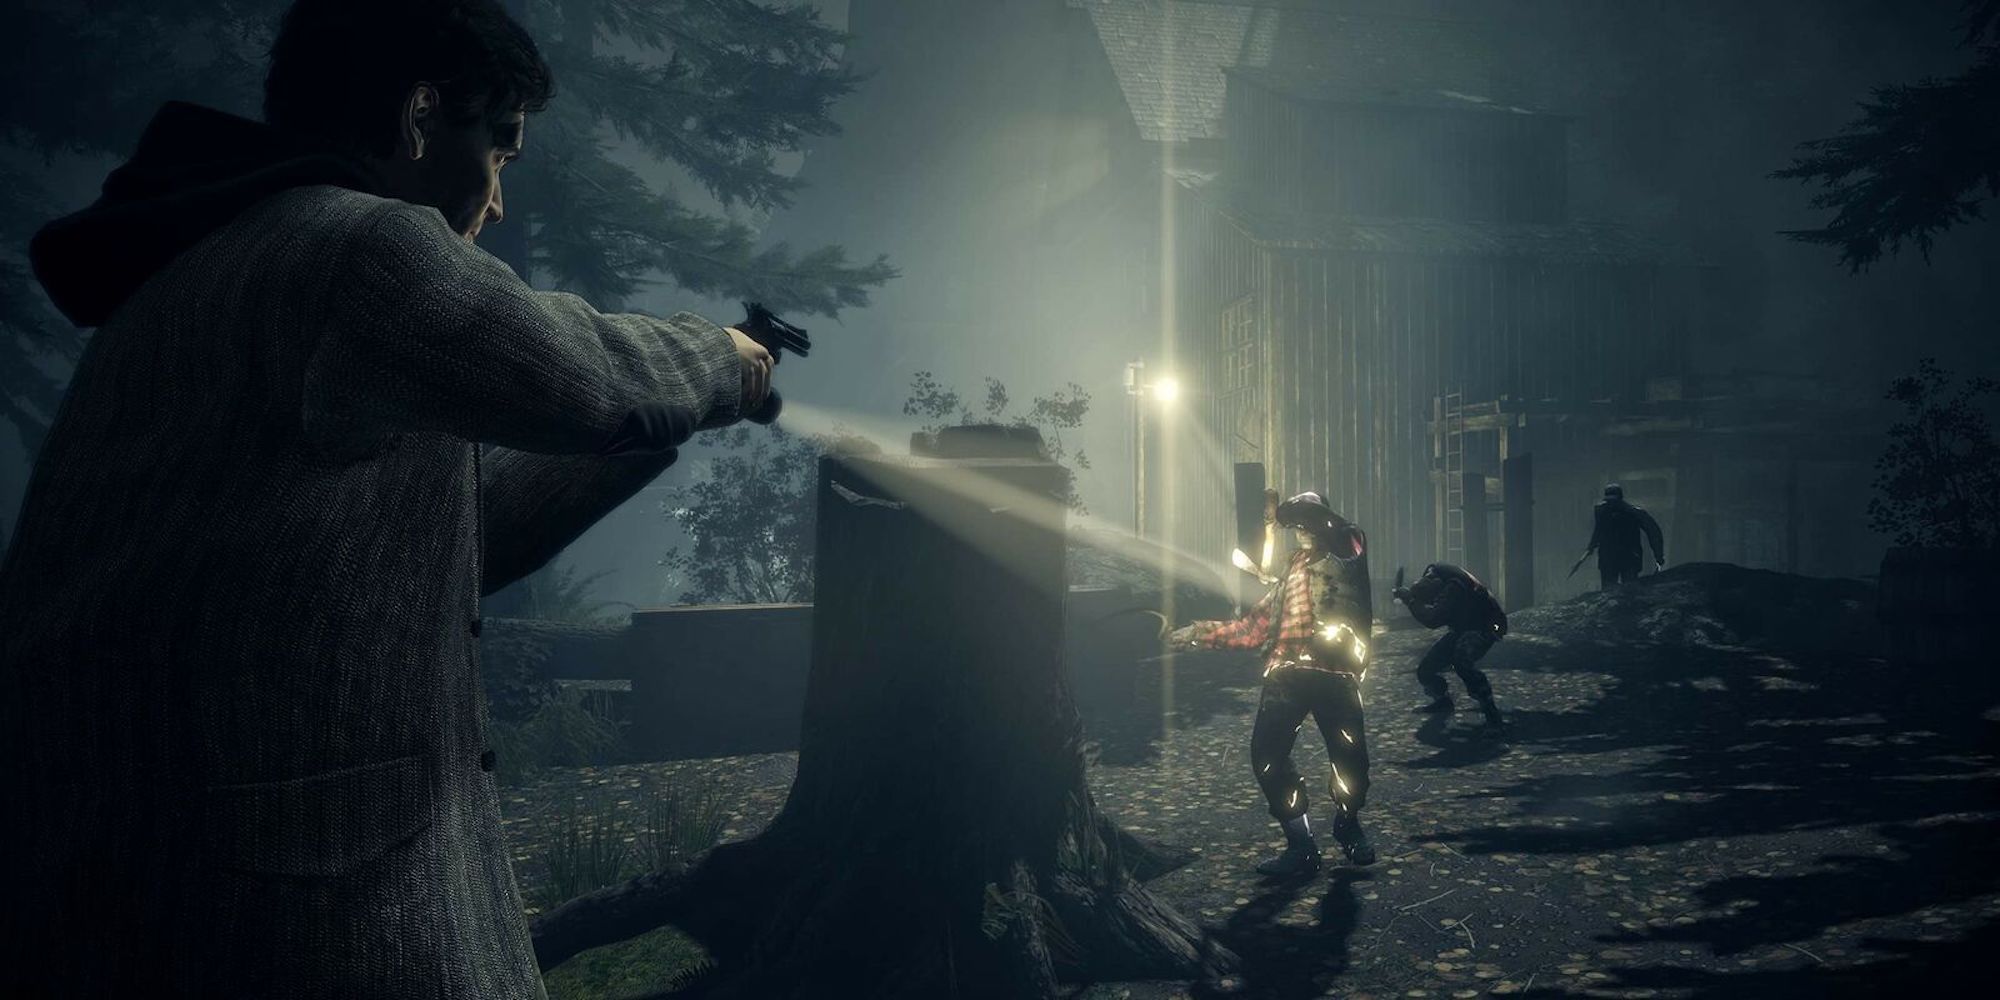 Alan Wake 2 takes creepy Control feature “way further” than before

+-------+

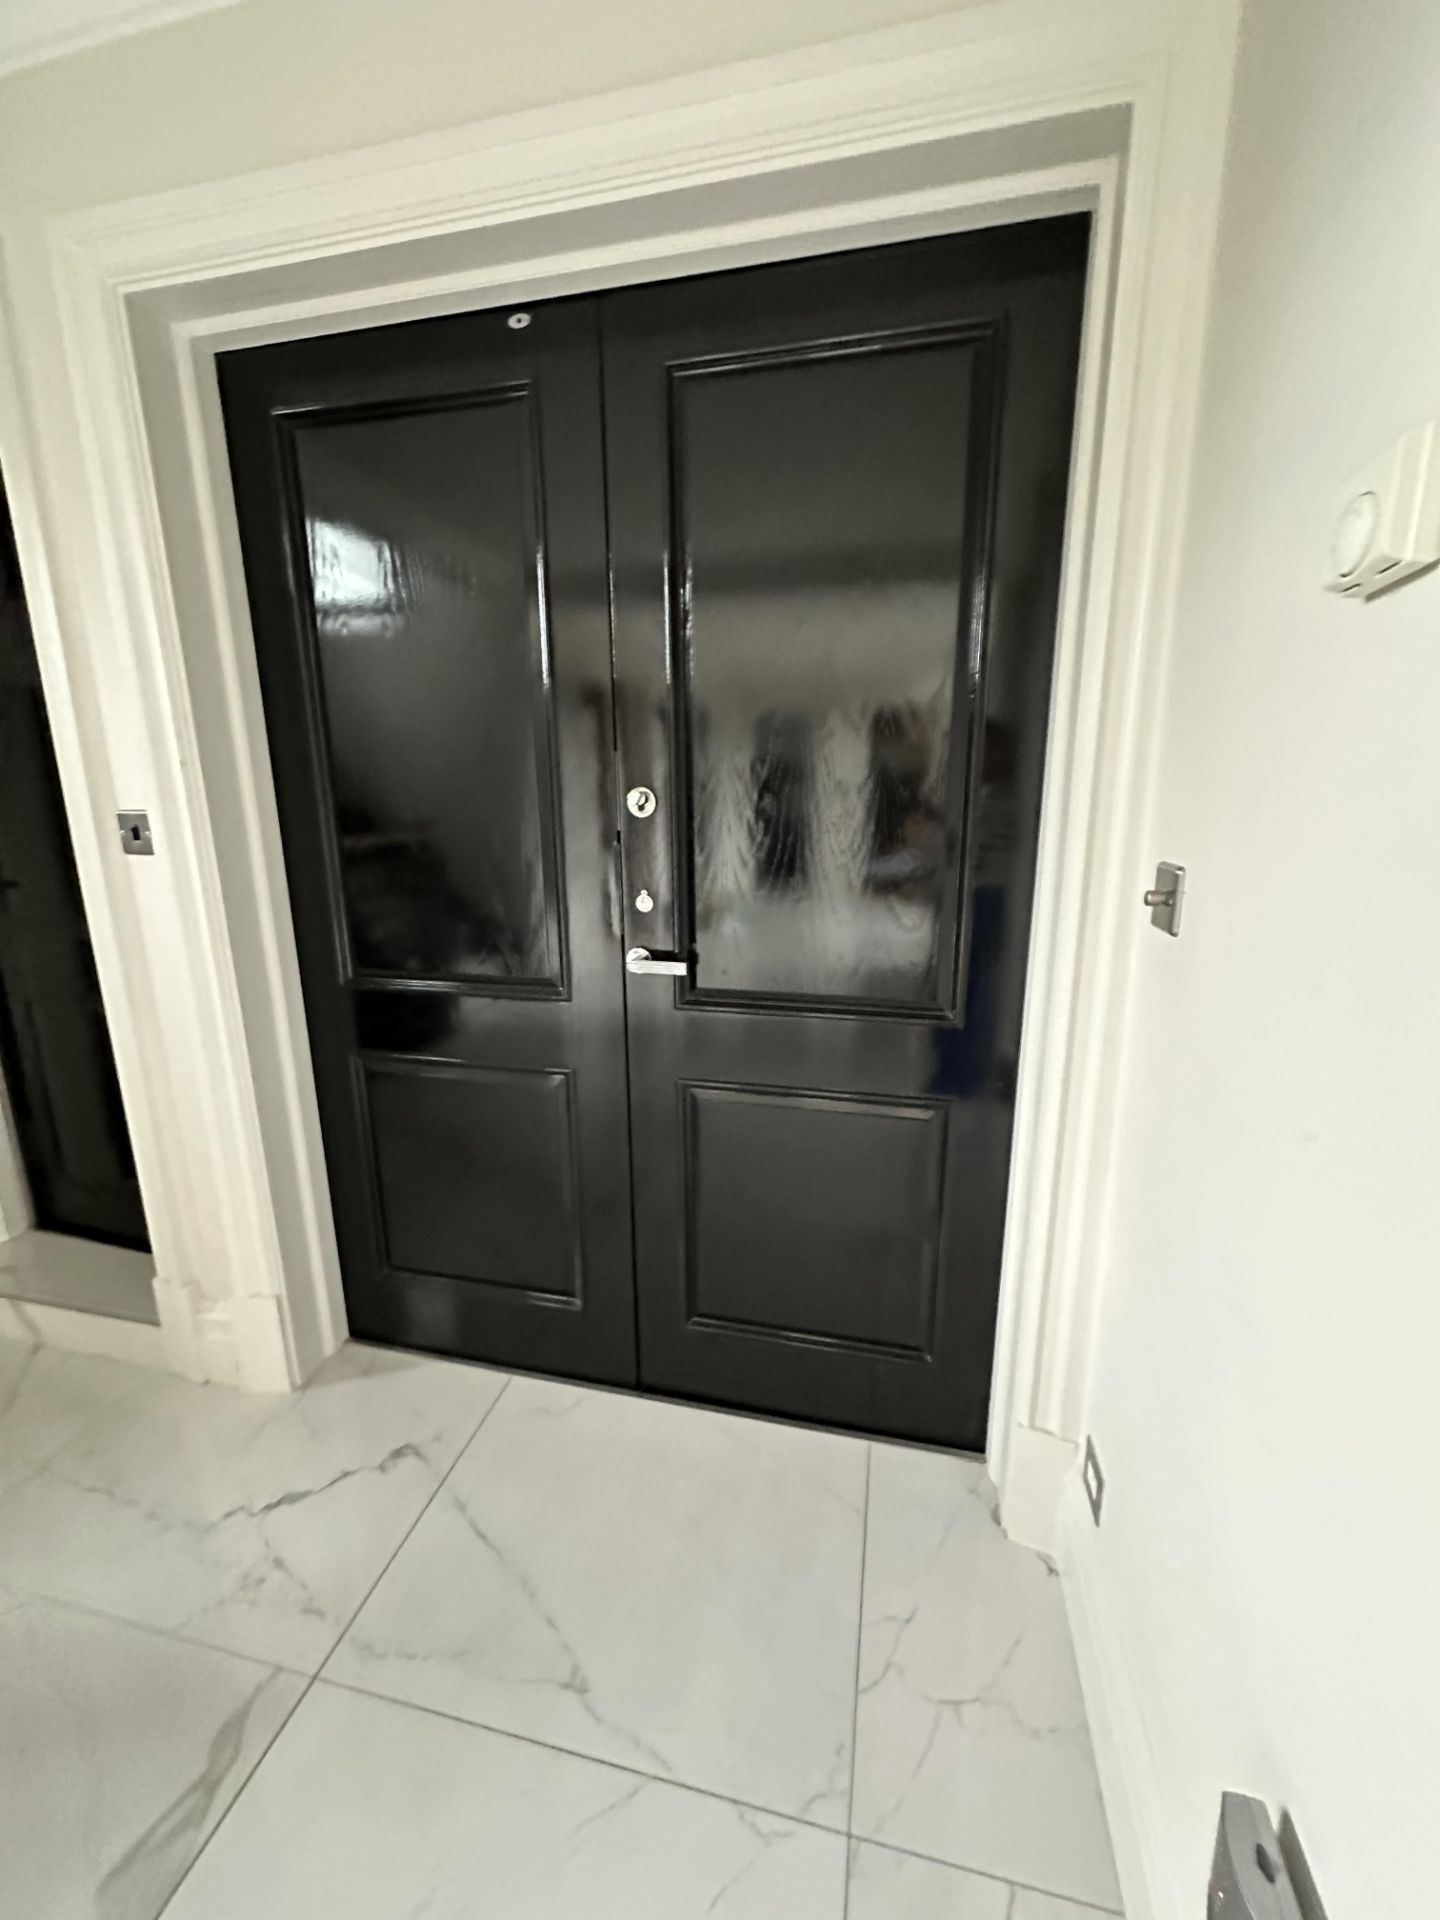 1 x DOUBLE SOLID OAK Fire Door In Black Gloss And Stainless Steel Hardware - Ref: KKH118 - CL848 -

+-------+

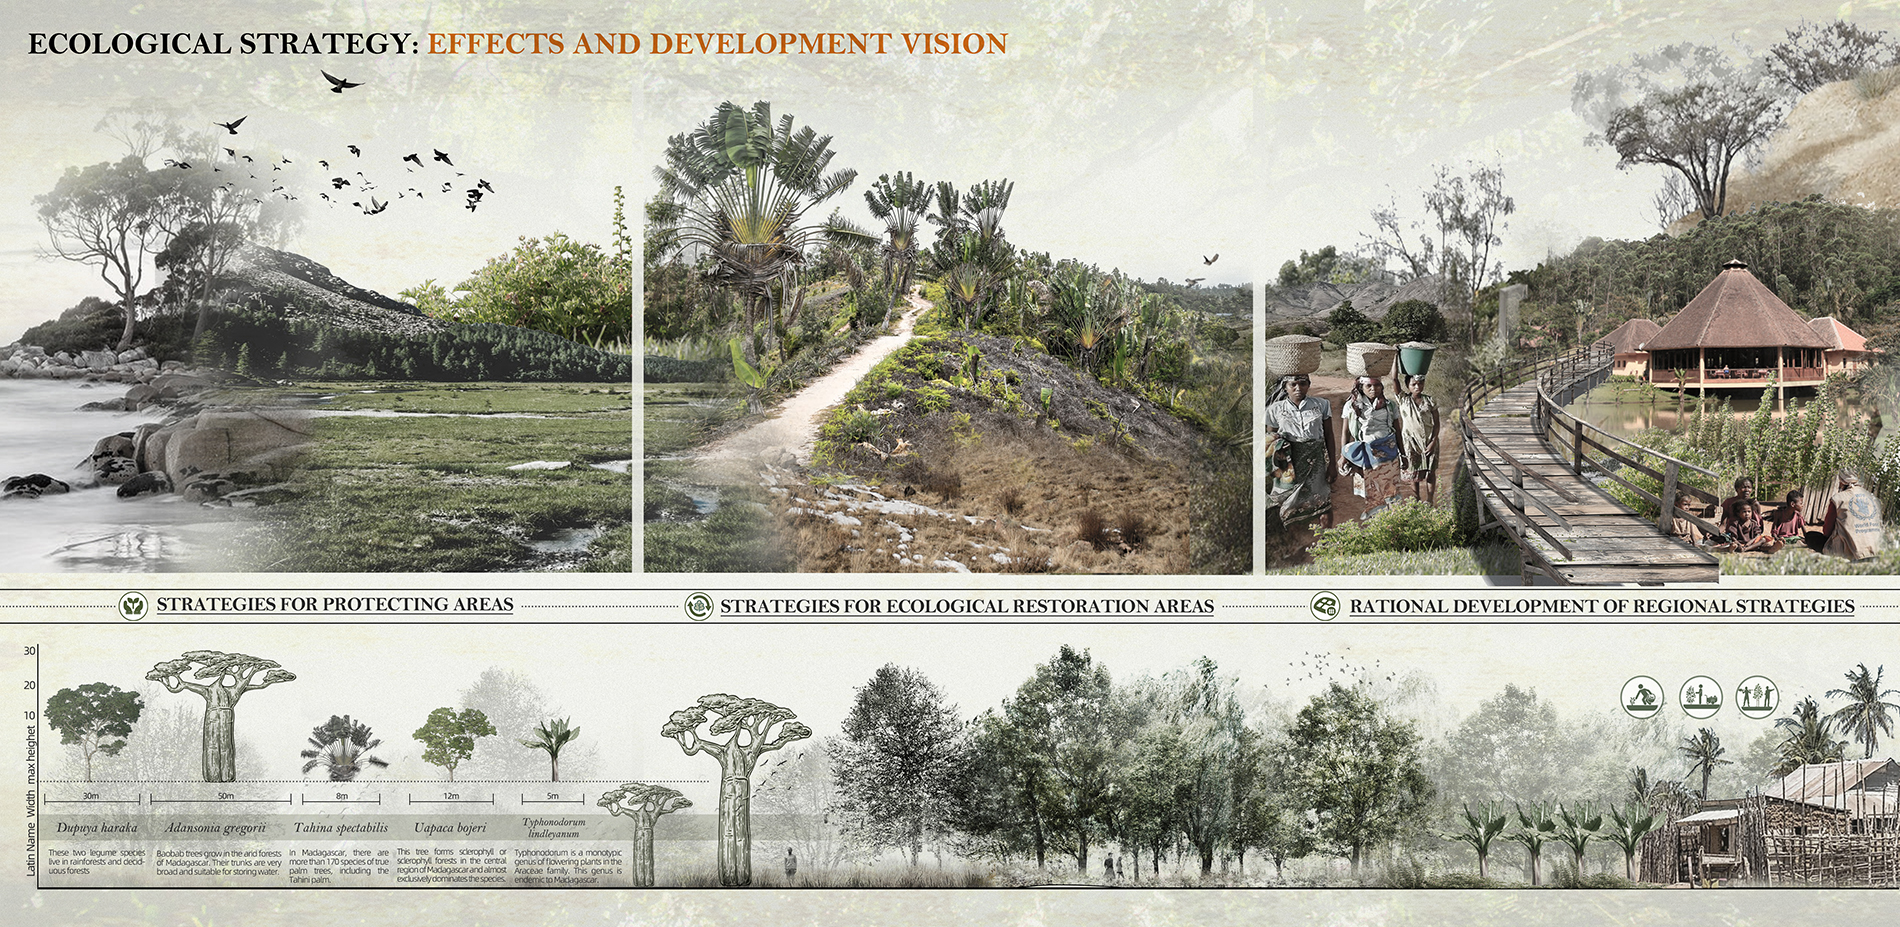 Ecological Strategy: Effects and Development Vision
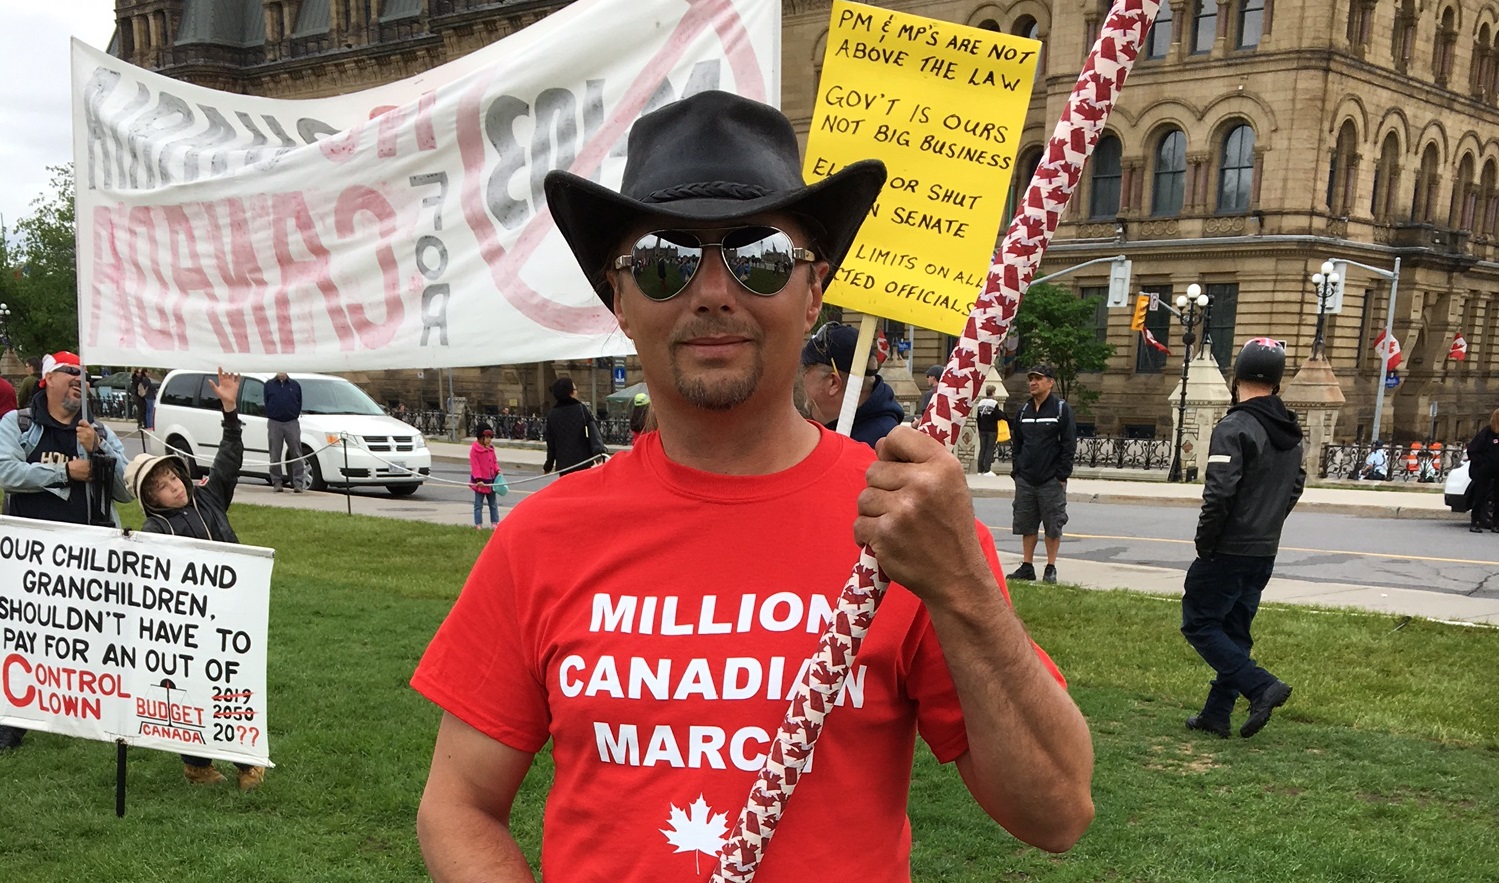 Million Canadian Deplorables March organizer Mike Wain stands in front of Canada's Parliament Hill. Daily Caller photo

+-------+

• WHAT IS REQUIRED
Write out, word for word, the stretch of entries that begins at the line with "Ecological Strategy: Effects" and ends at the line with "Million Canadian Deplorables". Pictures do not belong in it.

• OUTPUT OF THE TASK
 Ecological Strategy: Effects and Development Vision
 Million Canadian Deplorables March organizer Mike Wain stands in front of Canada's Parliament Hill. Daily Caller photo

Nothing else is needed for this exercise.